**PROBLEM**
Word for word, reproduce each line of the data below, omitting every image.

**EXERCISE DATA**
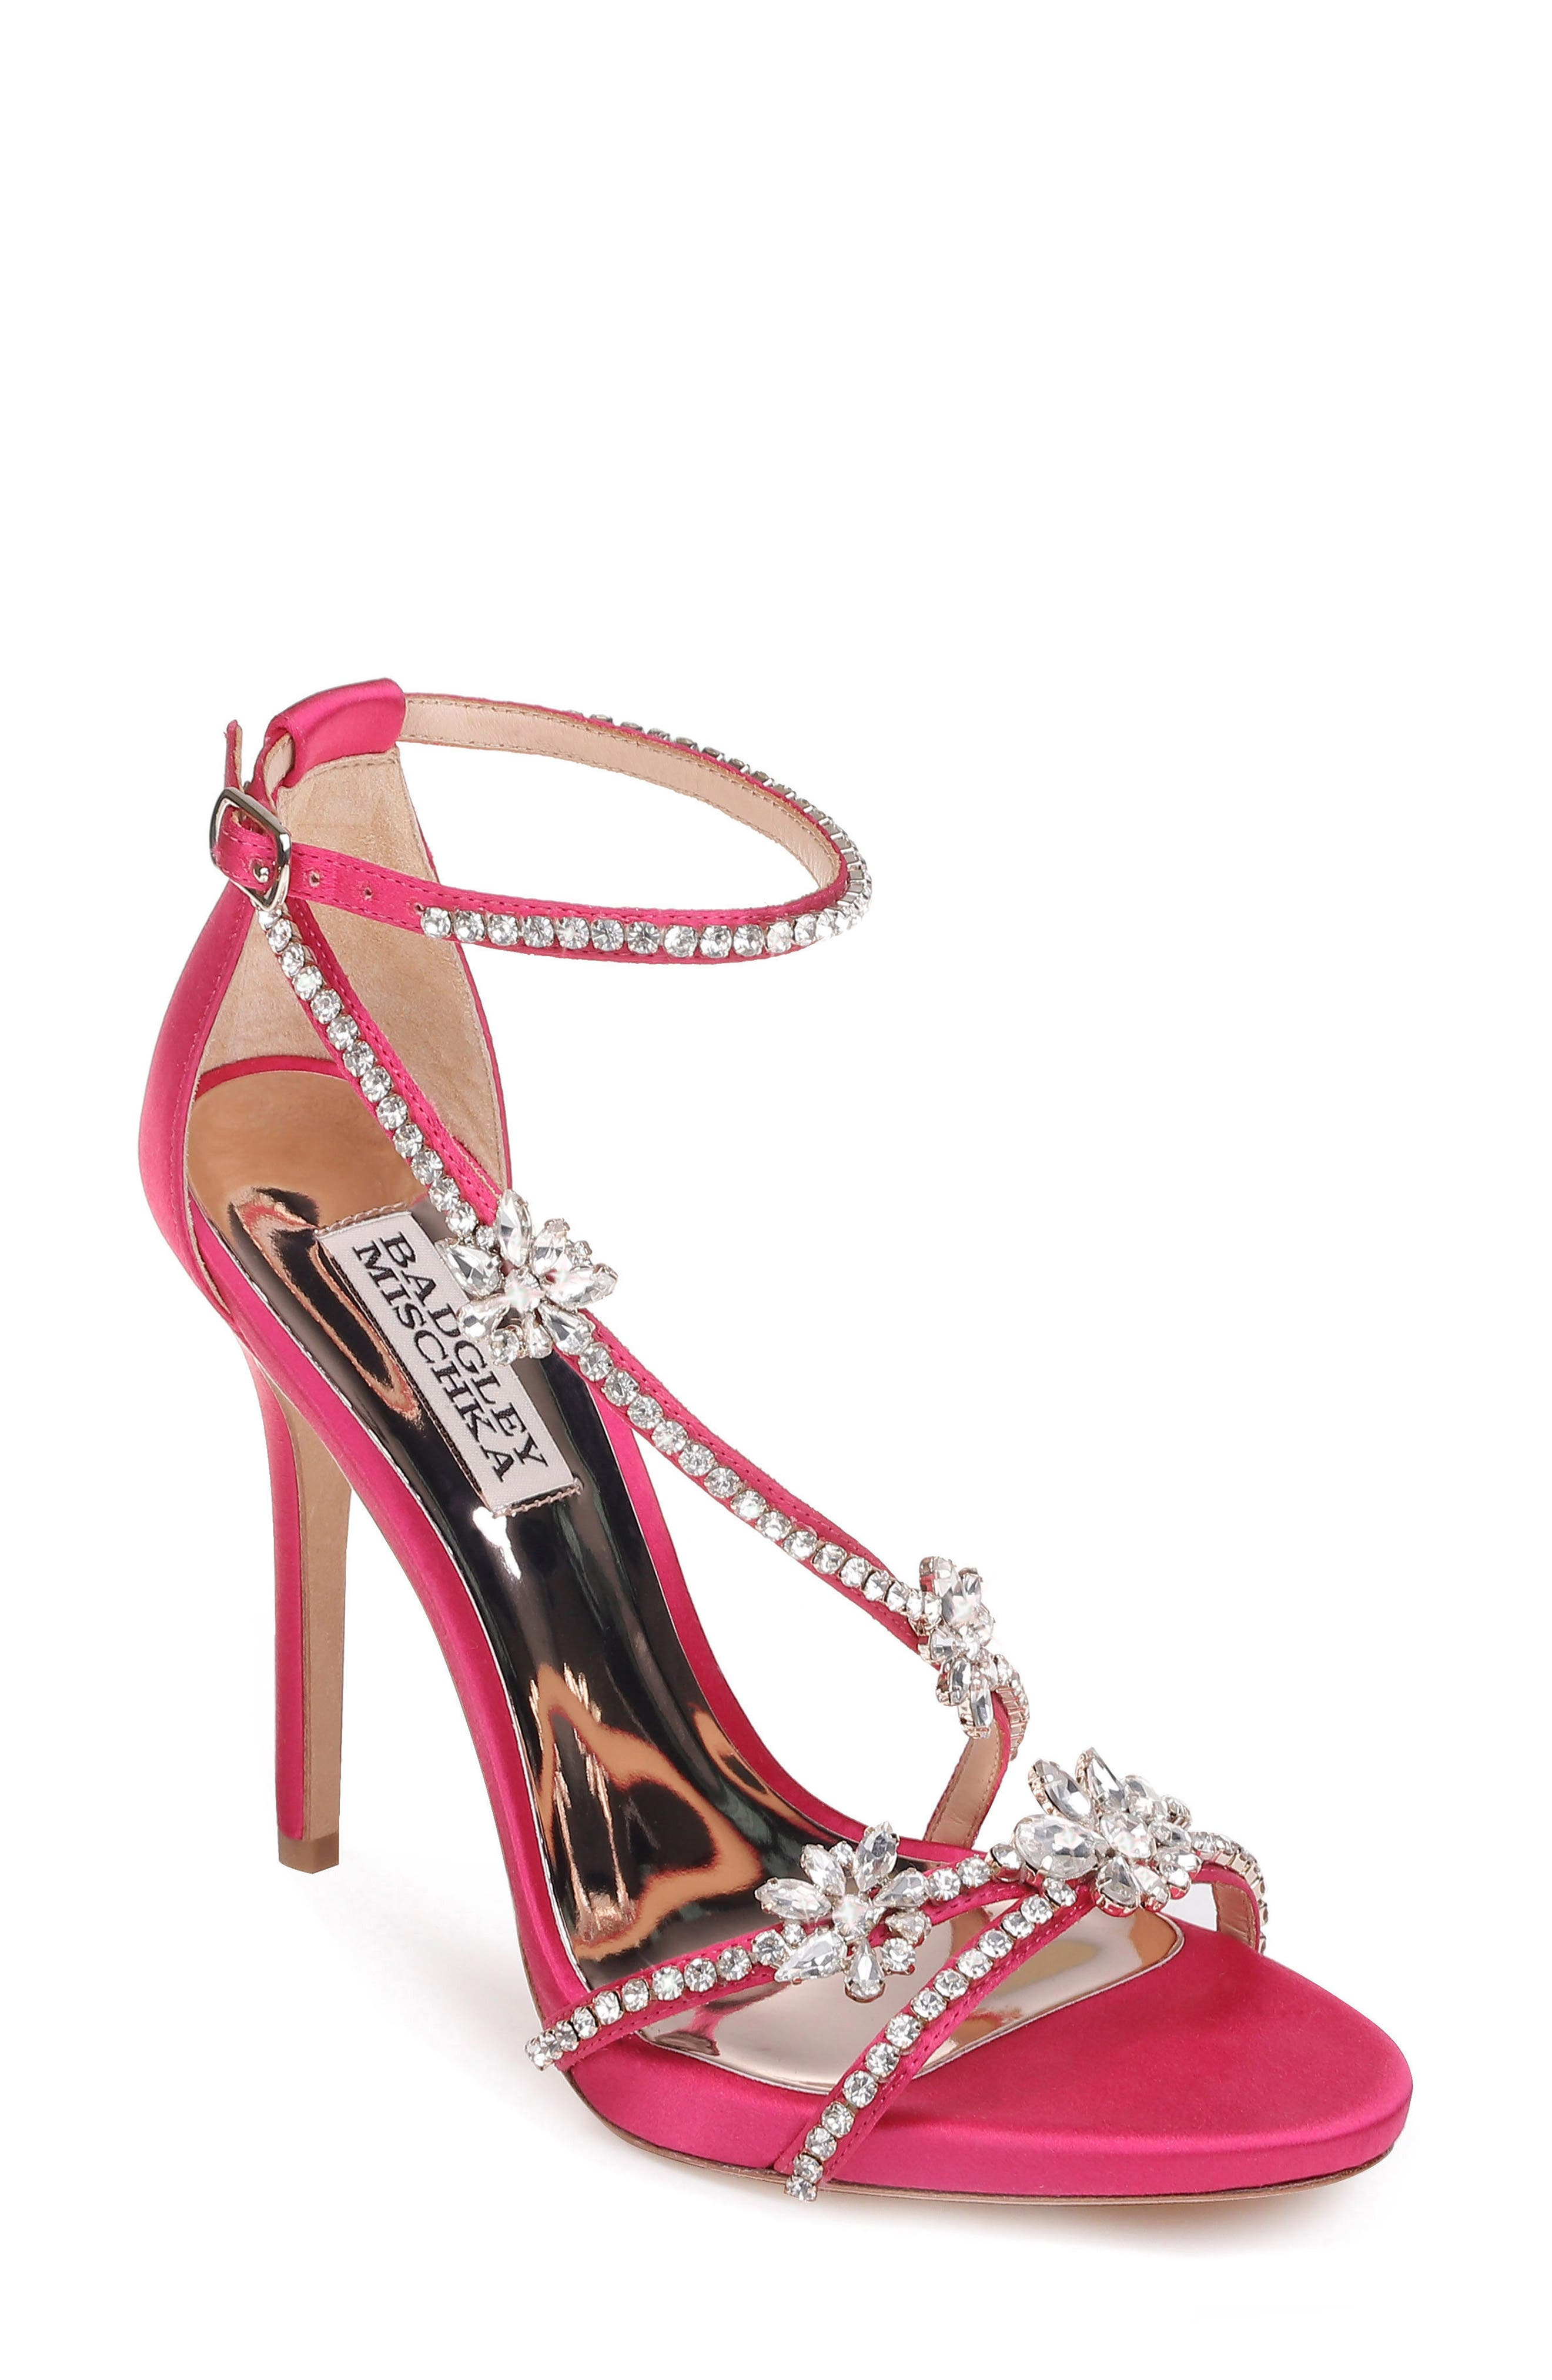 Badgley Mischka Hodge Strappy Sandal, Pink
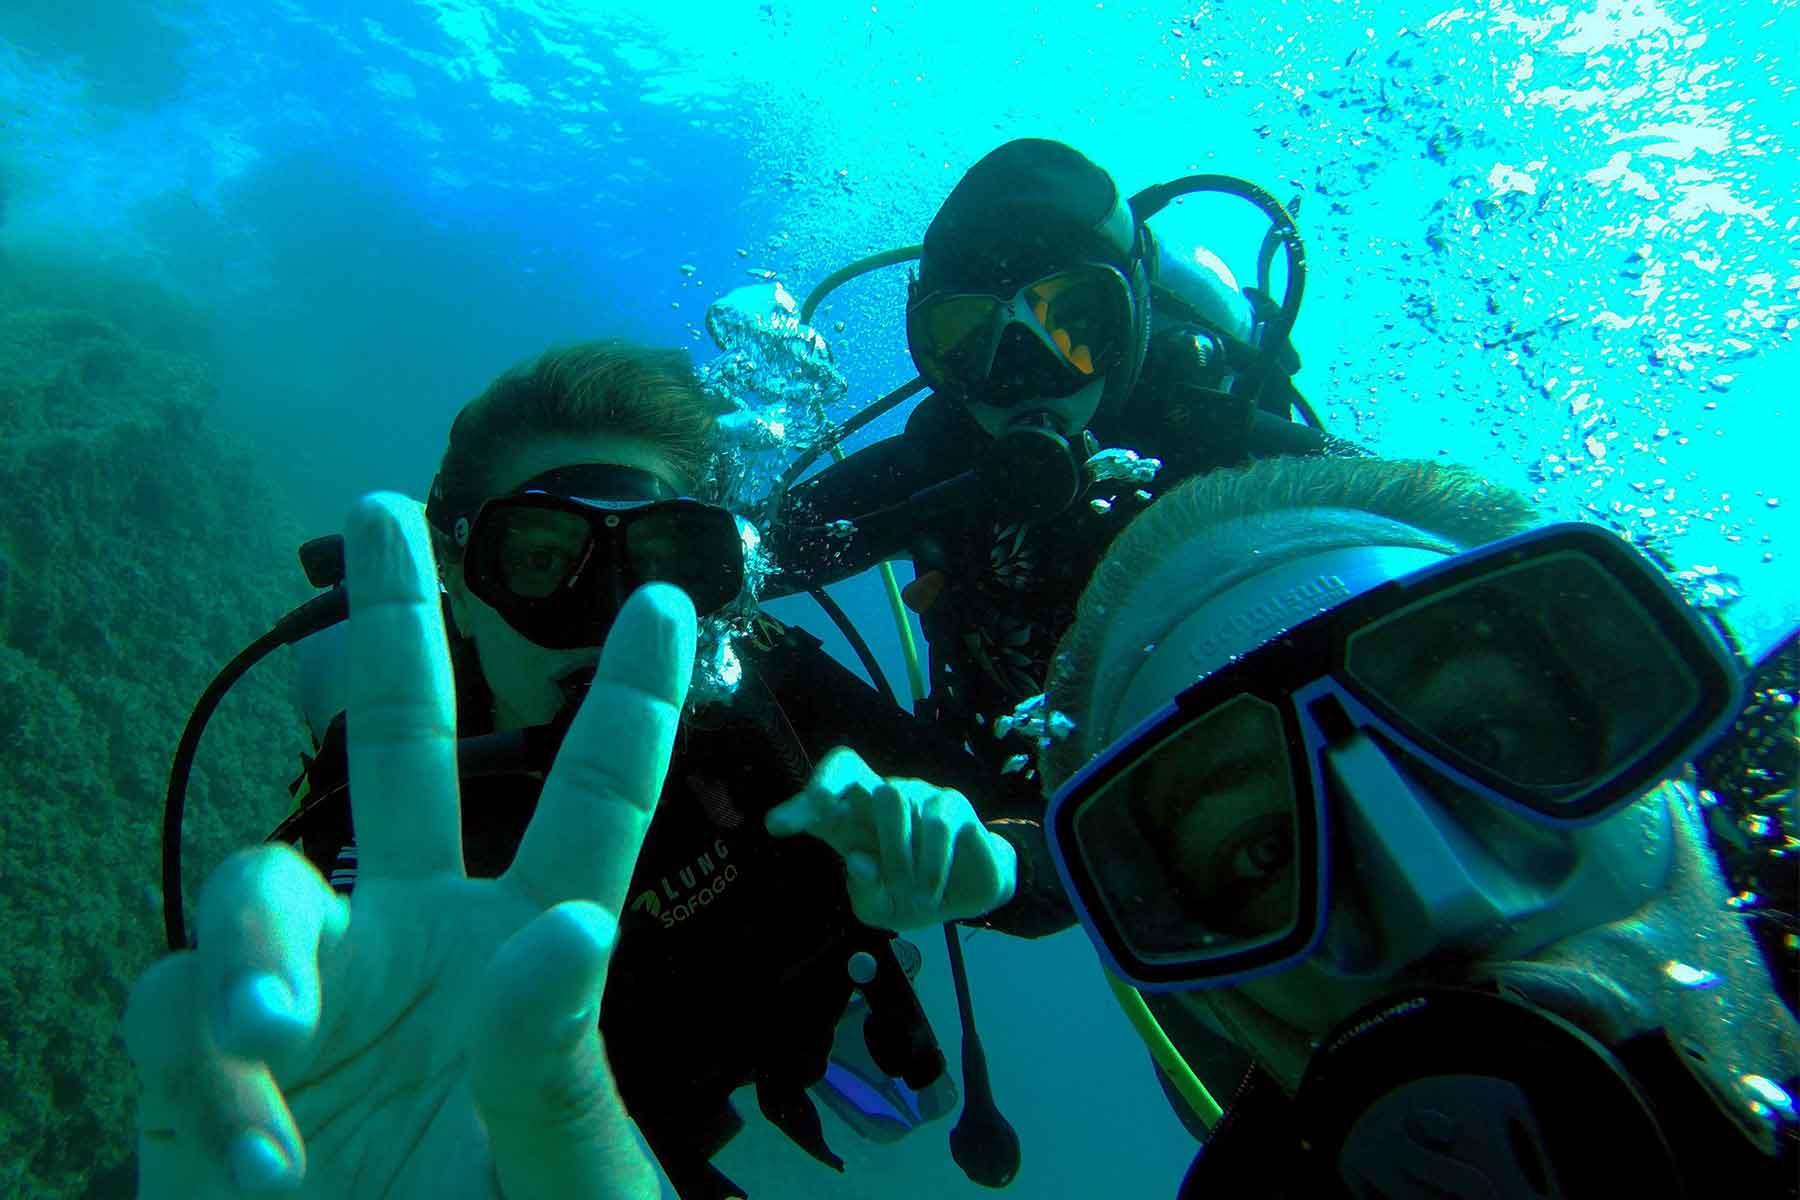 montenegro-try-scuba-diving
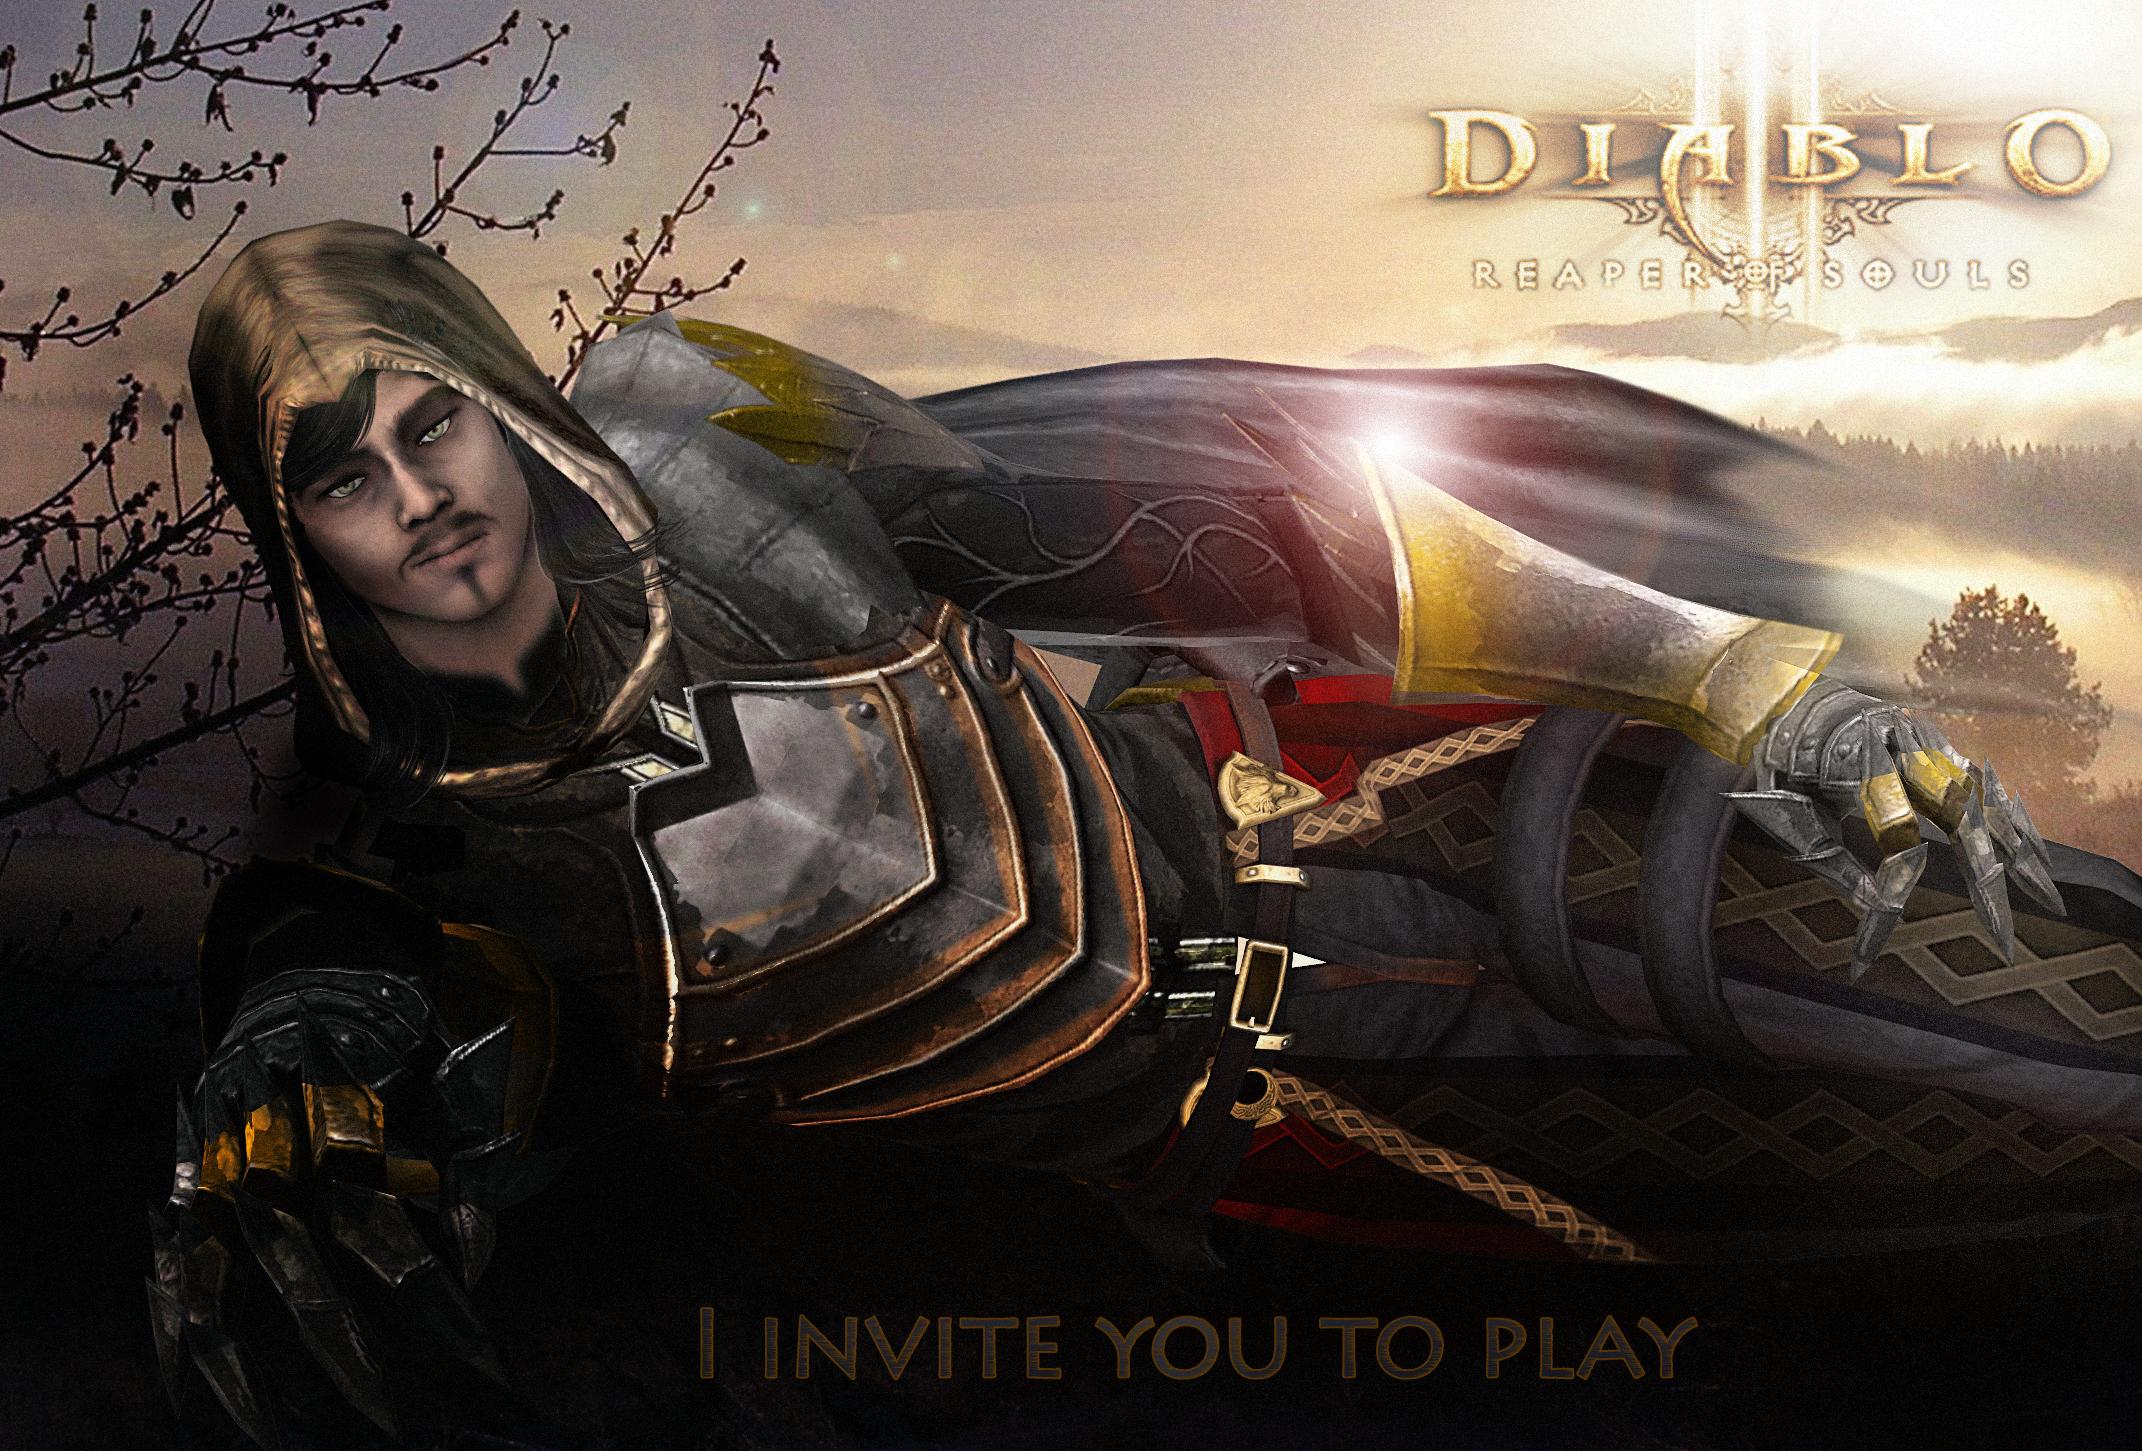 Diablo 3 Ros Wallpaper: Demon Hunter Invites You By SovietMentality

**SOLUTION FOR THIS TASK**
 Badgley Mischka Hodge Strappy Sandal, Pink
 montenegro-try-scuba-diving
 Diablo 3 Ros Wallpaper: Demon Hunter Invites You By SovietMentality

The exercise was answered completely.